Pediatric Day Hospital at Maputo Central Hospital, Maputo, Mozambique.
Pediatr Infect Dis J. 2009 Dec;28(12):e283-7. doi: 10.1097/INF.0b013e3181ba6c92.
Resistant virus may be selected by sub-optimal control of HIV-1 replication during antiretroviral treatment. The incidence and profile of resistance in children receiving World Health Organization-recommended treatment remains to be evaluated on a large scale.
Assessment of the frequency and profile of resistant virus in HIV-1-infected children, treated for at least 6 months with stavudine/zidovudine + lamivudine + nevirapine and presenting virological failure in a large access program in Maputo, Mozambique.
Cross-sectional evaluation of plasma HIV-1 viral load (VL) in 495 evaluable children among 512 treated for at least 6 months showed that 360 (72.7%) had a VL of <50 copies/mL of HIV-1 RNA. Genotypic resistance tests were performed in the 84 available samples from the 135 treated children with VL > or = 50 copies/mL: 92% of the viruses were resistant to lamivudine and/or nevirapine, and 15% were resistant to stavudine. Twenty children (24%) harbored virus with a extended spectrum of cross-resistance defined as resistance to the 3 drugs of the combination received by the child and/or at least 1 resistance to a drug to which the child had never been exposed (abacavir: 5%, tenofovir: 6%, didanosine: 3.5% and the new generation non nucleoside inhibitor, etravirine: 6%). The only factor identified by multivariate analysis as being associated with this extended resistance profile was the duration of treatment (aOR: 6.67 [95% CI: 1.24-35.93], P = 0.015 for treatment >24 months) with a per month increase of 1.09 (1.02-1.16) P = 0.007.

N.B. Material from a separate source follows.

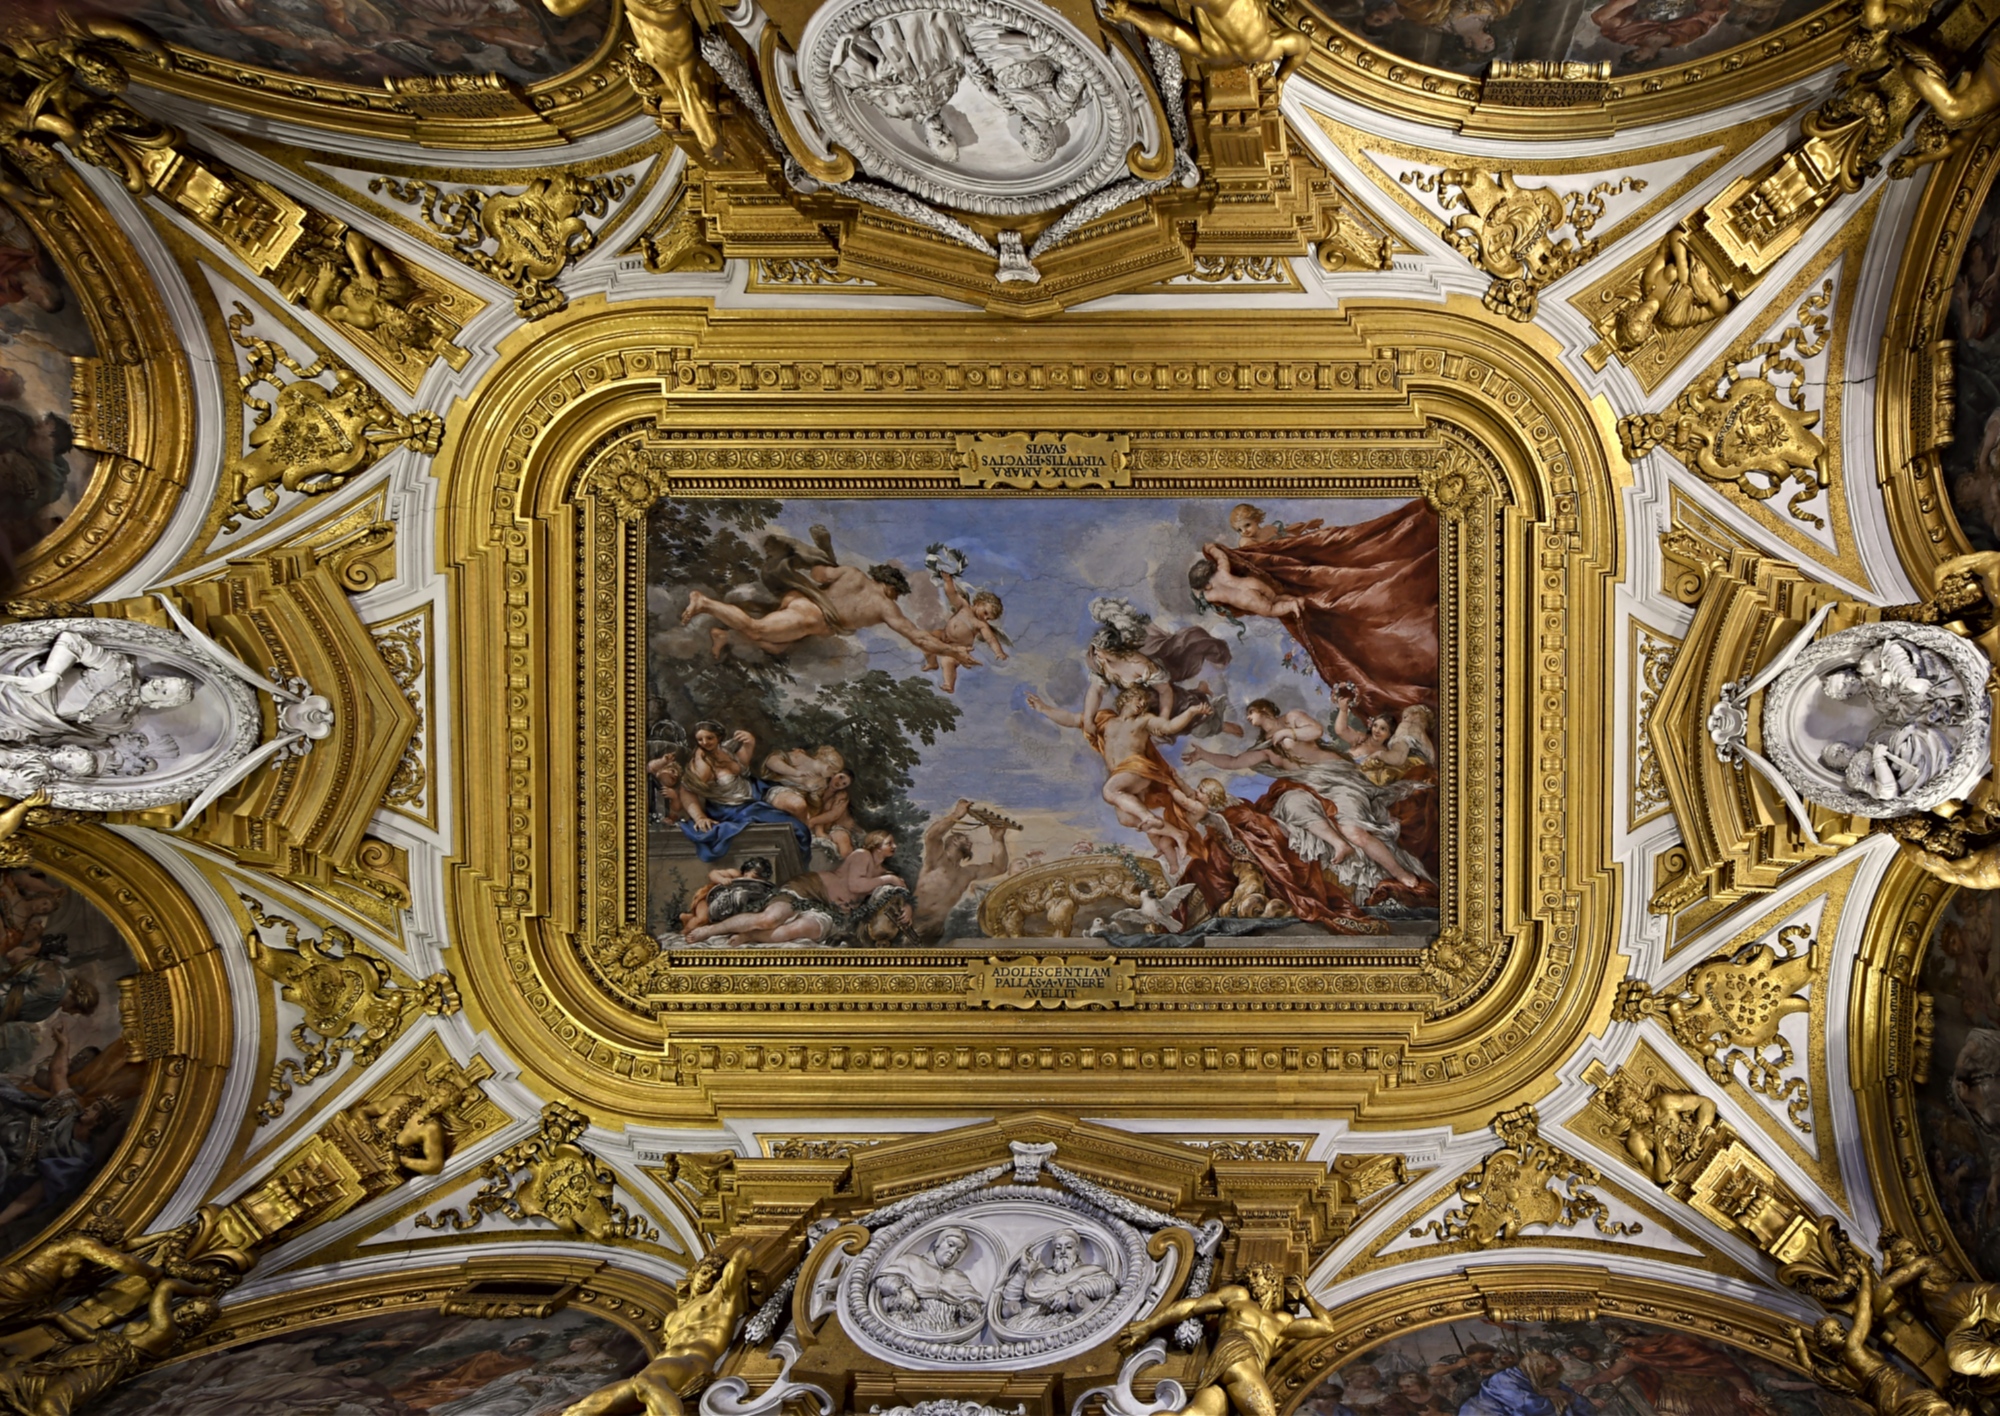 Ceiling of Hall of Venus in Palazzo Pitti, Florence

Residual viral replication in children receiving stavudine/zidovudine + lamivudine + nevirapine treatment is associated with a time-dependent risk of acquiring cross-resistance, including resistance to drugs currently used for second-line treatment and also to the new generation of non nucleoside reverse transcriptase inhibitors.
在抗逆转录病毒治疗期间,如果 HIV-1 复制的控制不理想,可能会选择耐药病毒。在世界卫生组织推荐的治疗方案下,接受治疗的儿童的耐药发生率和耐药谱仍需大规模评估。
评估在莫桑比克马普托一个大型治疗项目中,至少接受 6 个月齐多夫定/司他夫定+拉米夫定+奈韦拉平治疗,且病毒学治疗失败的 HIV-1 感染儿童中耐药病毒的发生频率和耐药谱。
在 512 名至少接受 6 个月治疗的患儿中,对 495 名可评估患儿进行了血浆 HIV-1 病毒载量(VL)的横断面评估,结果显示 360 名(72.7%)患儿的 HIV-1 RNA 病毒载量<50 拷贝/mL。对 135 名 VL≥50 拷贝/mL 的治疗患儿中 84 份可用样本进行了基因型耐药检测:92%的病毒对拉米夫定和/或奈韦拉平耐药,15%对司他夫定耐药。20 名患儿(24%)携带具有广泛交叉耐药谱的病毒,定义为对患儿所接受联合用药的 3 种药物耐药,和/或对患儿从未接触过的药物耐药(阿巴卡韦:5%,替诺福韦:6%,地达诺辛:3.5%,新型非核苷类逆转录酶抑制剂依曲韦林:6%)。多因素分析确定的唯一与这种广泛耐药谱相关的因素是治疗时间(OR:6.67[95%CI:1.24-35.93],P=0.015,治疗时间>24 个月),每月增加 1.09(1.02-1.16),P=0.007。
接受齐多夫定/司他夫定+拉米夫定+奈韦拉平治疗的儿童中残留病毒复制与获得交叉耐药的时间依赖性风险相关,包括对目前用于二线治疗的药物以及新型非核苷类逆转录酶抑制剂的耐药。